Sustainability, and especially emissions reductions, will remain a key theme for the year(s) ahead. Australia and the world will continue to work on reducing greenhouse gas emissions. Supply chains are working on solutions, trials, and testing consumers’ willingness to pay. On-farm, most of the transitions are still to come, and more and more farmers seek to understand the emissions footprint of their operations and which changes to put in place.
New Zeeland
1) Central bank actions will flow through to the cost of funds. The current restrictive monetary policy settings might start to ease up later this year – but don’t be getting hopeful for a throw-back to post-GFC rate levels. Immense challenges remain for central bankers in developed countries when making calls to cut – or not to cut. Our view is that the Reserve Bank of New Zealand, in step with the US Federal Reserve, will hold off official cash rate cuts until 2H 2024 – and only then, cuts are still likely to only be modest. Still, wholesale interest rates have eased back since Christmas and are flowing through to retail: some good news for those with loans and mortgages.
2) China will chart a challenging course for exporters. Our key export market is likely to continue to have a slow economy this year. Property price pressures, weak consumer confidence, dwindling demographics, and lethargic global consumer demand for Chinese exports will all play a role here. This doesn’t bode well for strong commodity prices for New Zealand food and fibre export products heavily reliant on China.

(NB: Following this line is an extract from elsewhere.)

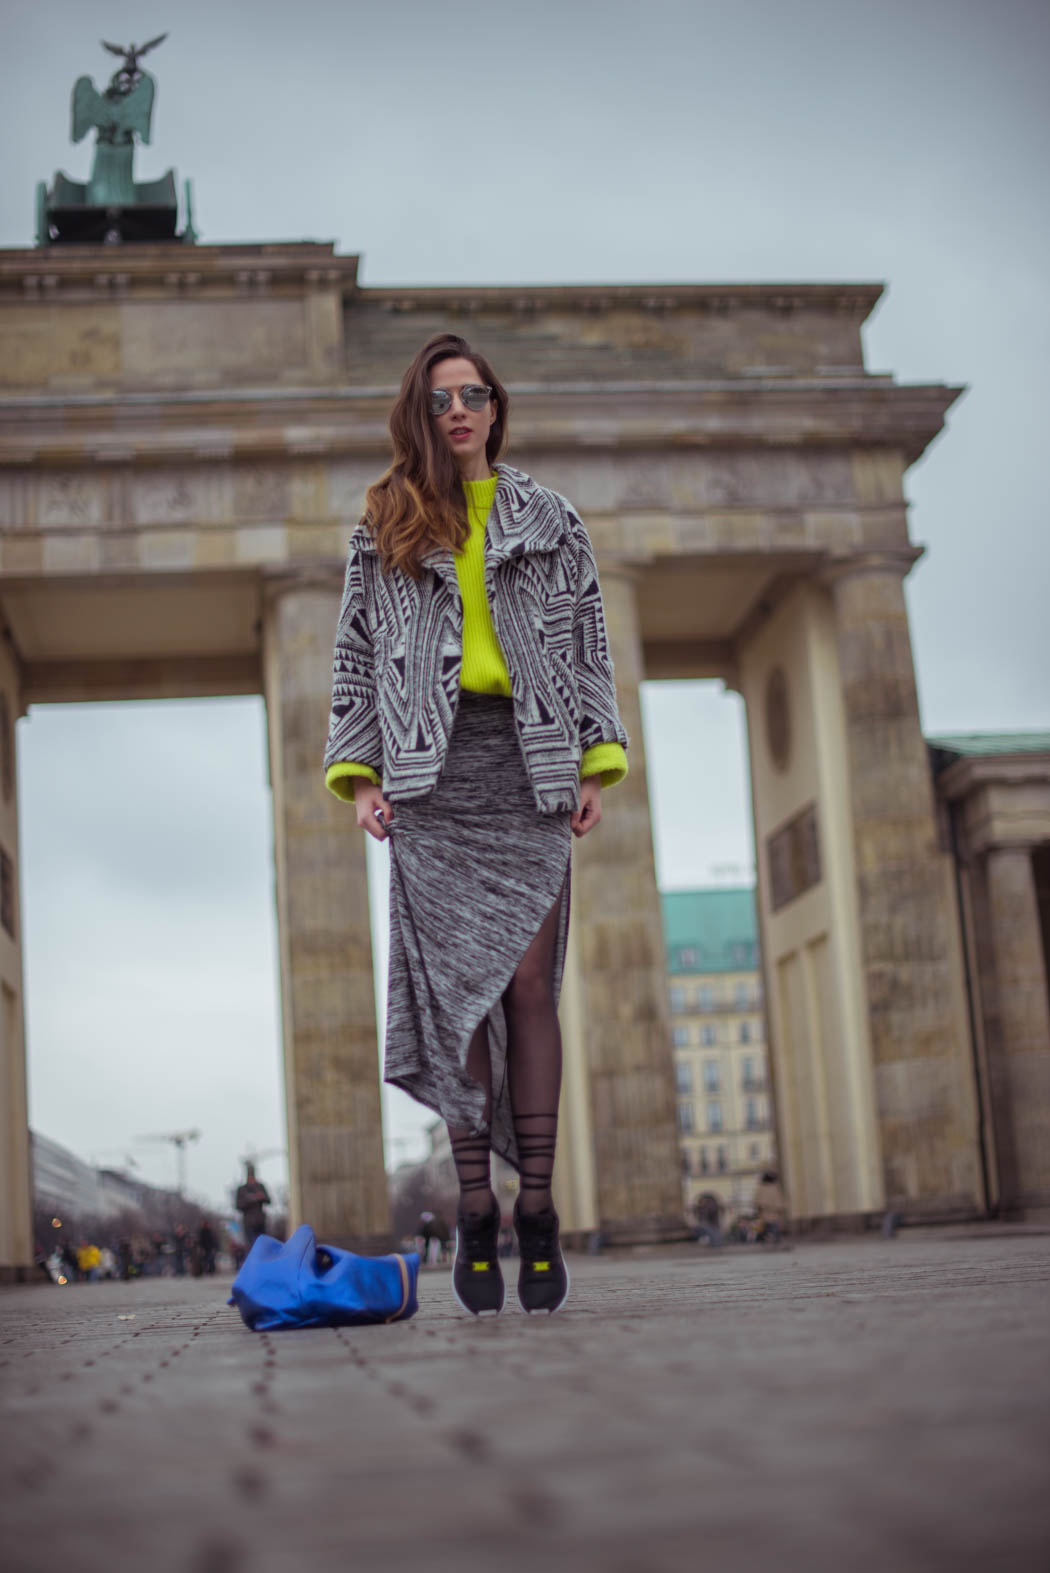 Dior-so-real-neongrüner-Pullover-Cos-Fashionblogger-München-Berlin-Deutschland-Lindarella-Streetstyle-8

3) Escalating geopolitical tensions and conflict could provide challenges all the way to New Zealand. The catch-all phrase “geopolitics” will permeate cross sectors and countries in 2024. While the war in Ukraine continues to drag on – with no quick end in sight – recent escalations in the Middle East, as well as continued concerning China-Taiwan relations, along with fresh worries for North Korea all add to the number of regions to keep abreast of. Markets, arguably, are still to price for this risk.

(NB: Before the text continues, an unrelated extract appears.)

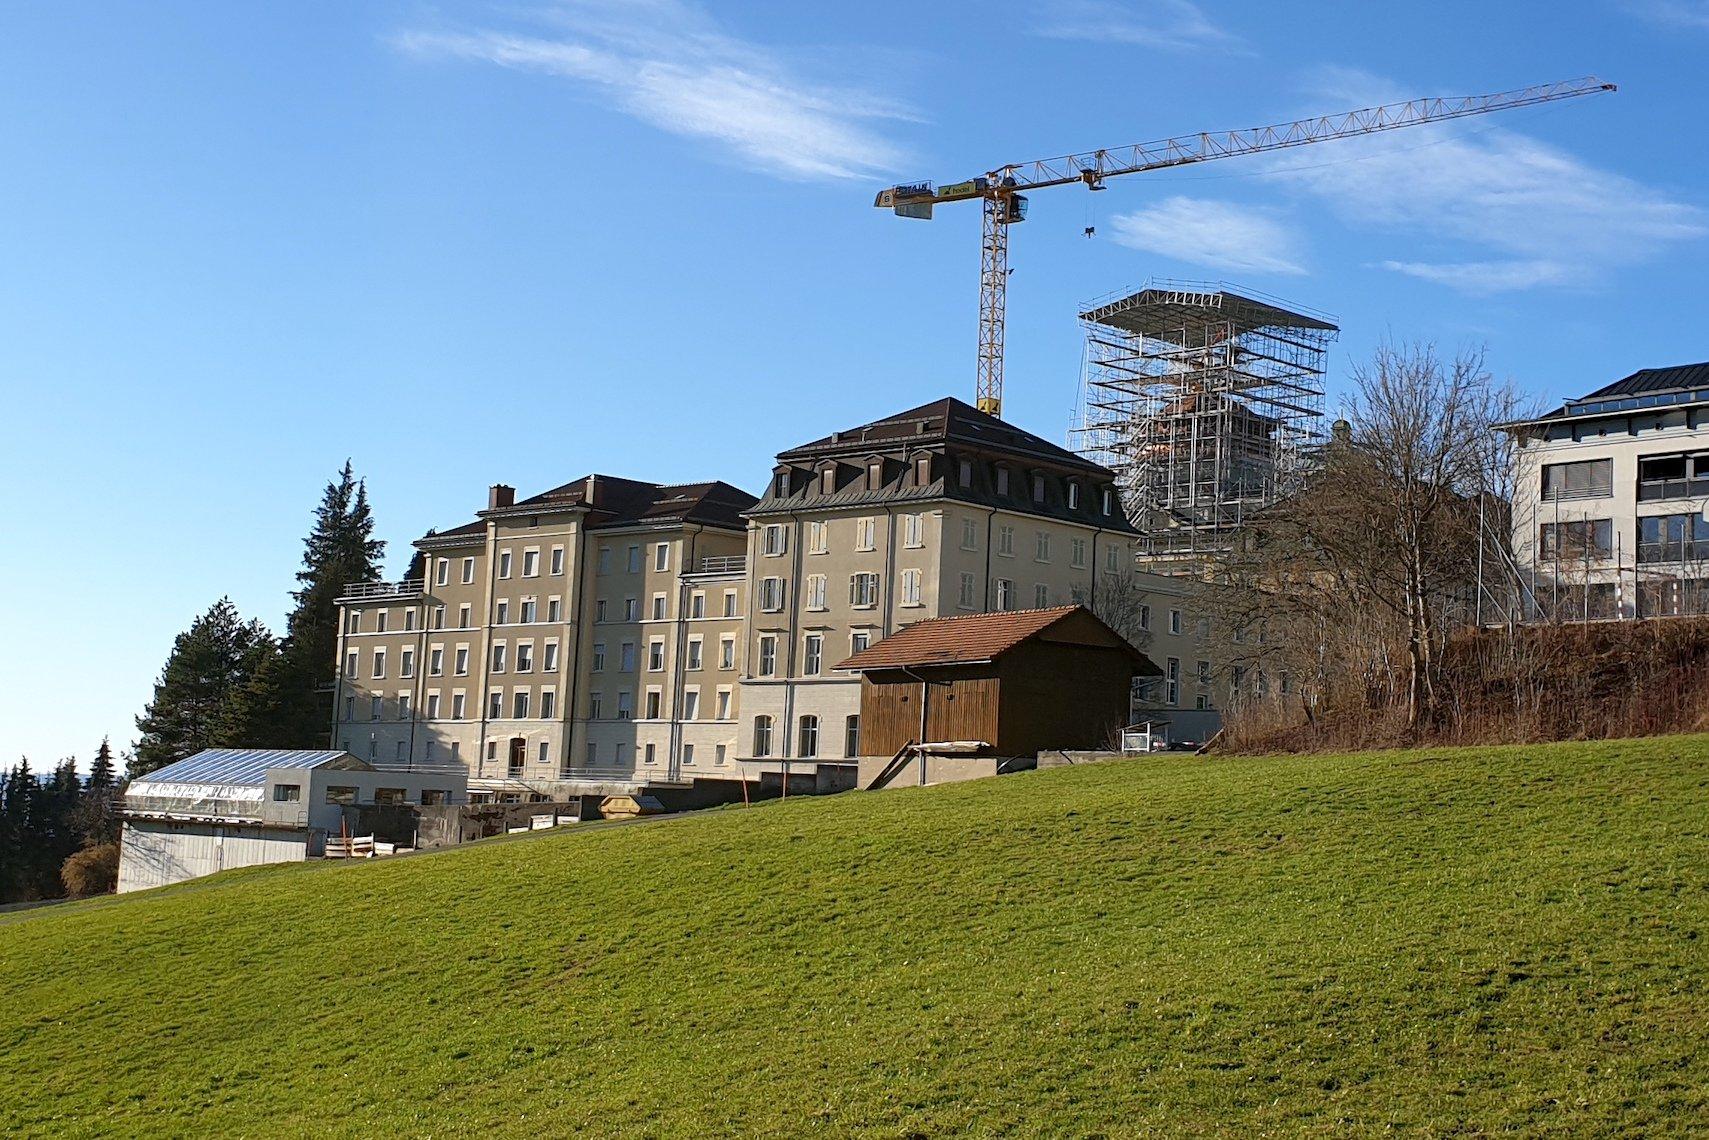 Südflügel des Klosters Menzingen.

The latest shipping disruptions in the Red Sea place upward risk of another global supply chain shock and for potential implications one does not have to look further than the 2021 snarled supply chains and energy crisis. Input costs for New Zealand food producers, along with freight costs for getting our products to global markets are to be watched. Of course, limited fiscal stimulus and weak global consumer demand could possibly see NZ exporters sail right through this storm in a teacup. For now, our global crude oil price outlook remains rather modest and well below USD100 per barrel – at least while the conflicts in the Middle East don’t spread wider.
At the same time, there are some tail winds and cross currents that could help with navigating the blue horizon this year.

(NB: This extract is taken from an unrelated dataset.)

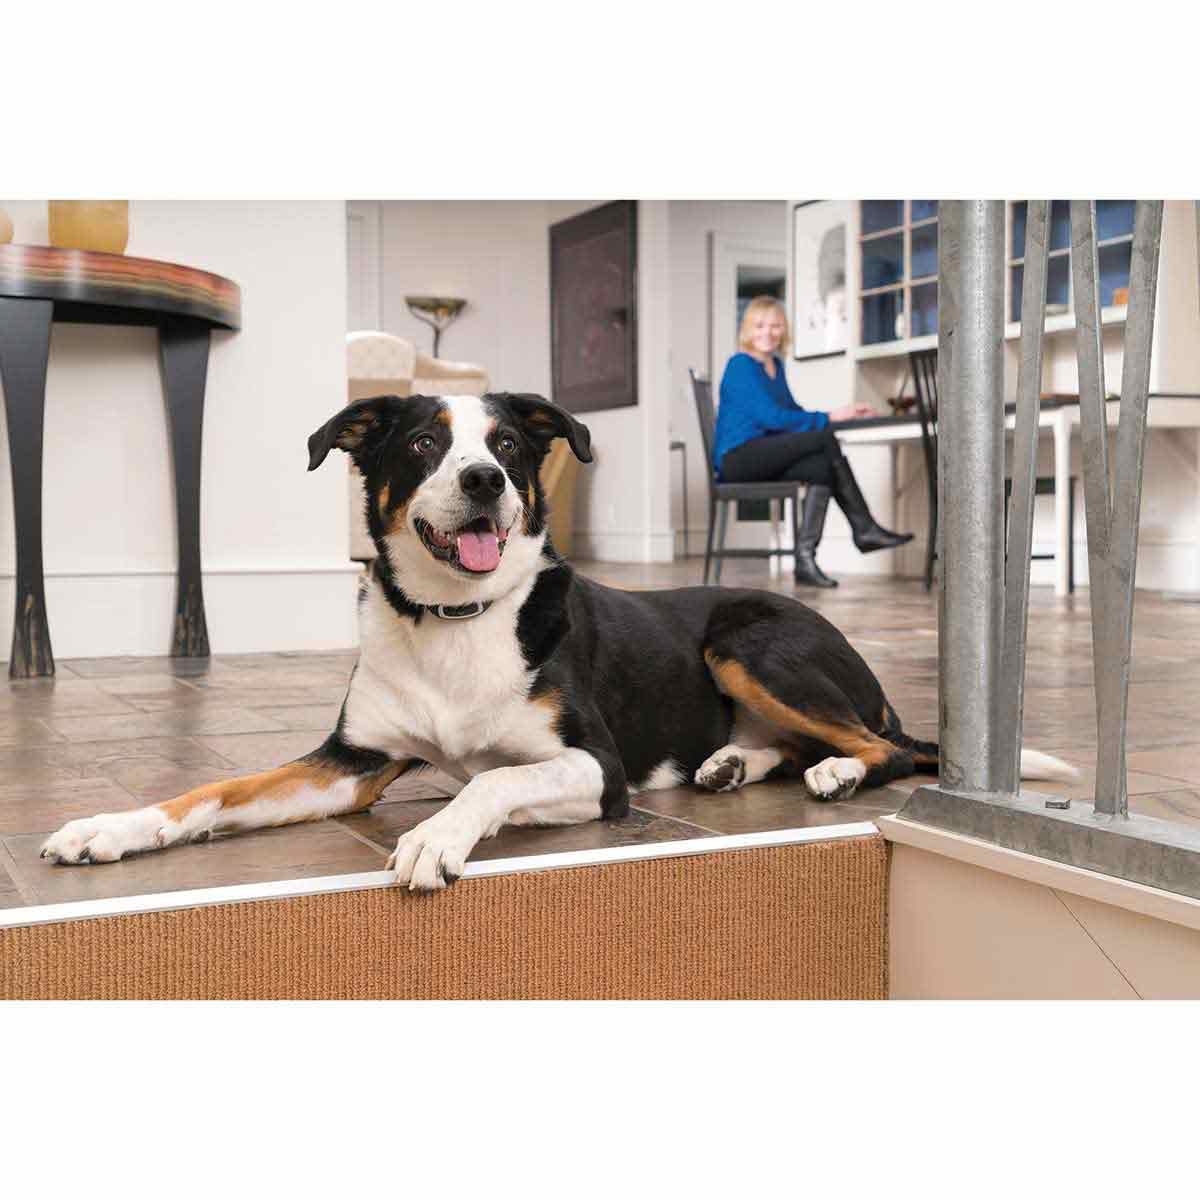 Dog wearing PetSafe Yard Remote Trainer 300 Yard

The New Zealand dollar is anticipated to strengthen modestly against the US dollar heading to USc 64 towards late 2024. This sits in what could be close to the top end of the USc 58-65 range experienced last year.
The much talked about El Niño has delivered a mixed bag of weather so far. NIWA indicates that El Niño will be alive and kicking at least until Autumn 2024, but global institutions see chances for El Niño to fade. Variable weather has so far been generally supportive for food producers.
Sustainability and emissions reductions will remain a key theme for the year(s) ahead. Supply chains are working on greenhouse gas emissions solutions, emissions reduction trials – all the while testing consumers’ willingness to pay. On farm, most of the transitions are still to come as many farmers seek to either continue their knowledge journey or consider which changes to put in place.
One wildcard for 2024 remains. The year ahead will bring intense democratic activity. New Zealand’s new coalition government is settling in with priorities being decided. Yet elsewhere, this year will see almost half the global population queue at the polls. Superpower election results from the likes of the US, India, the European Union and Russia, will determine global stability for years to come. Pivotal trading countries like South Korea, Indonesia, and the UK are also among the list.
2024 promises to keep food producers on their toes. With many variables to pay attention to, setting sail for success this year will require a strategic mindset, agility and collaboration. Traits New Zealand farmers and growers have no shortage of.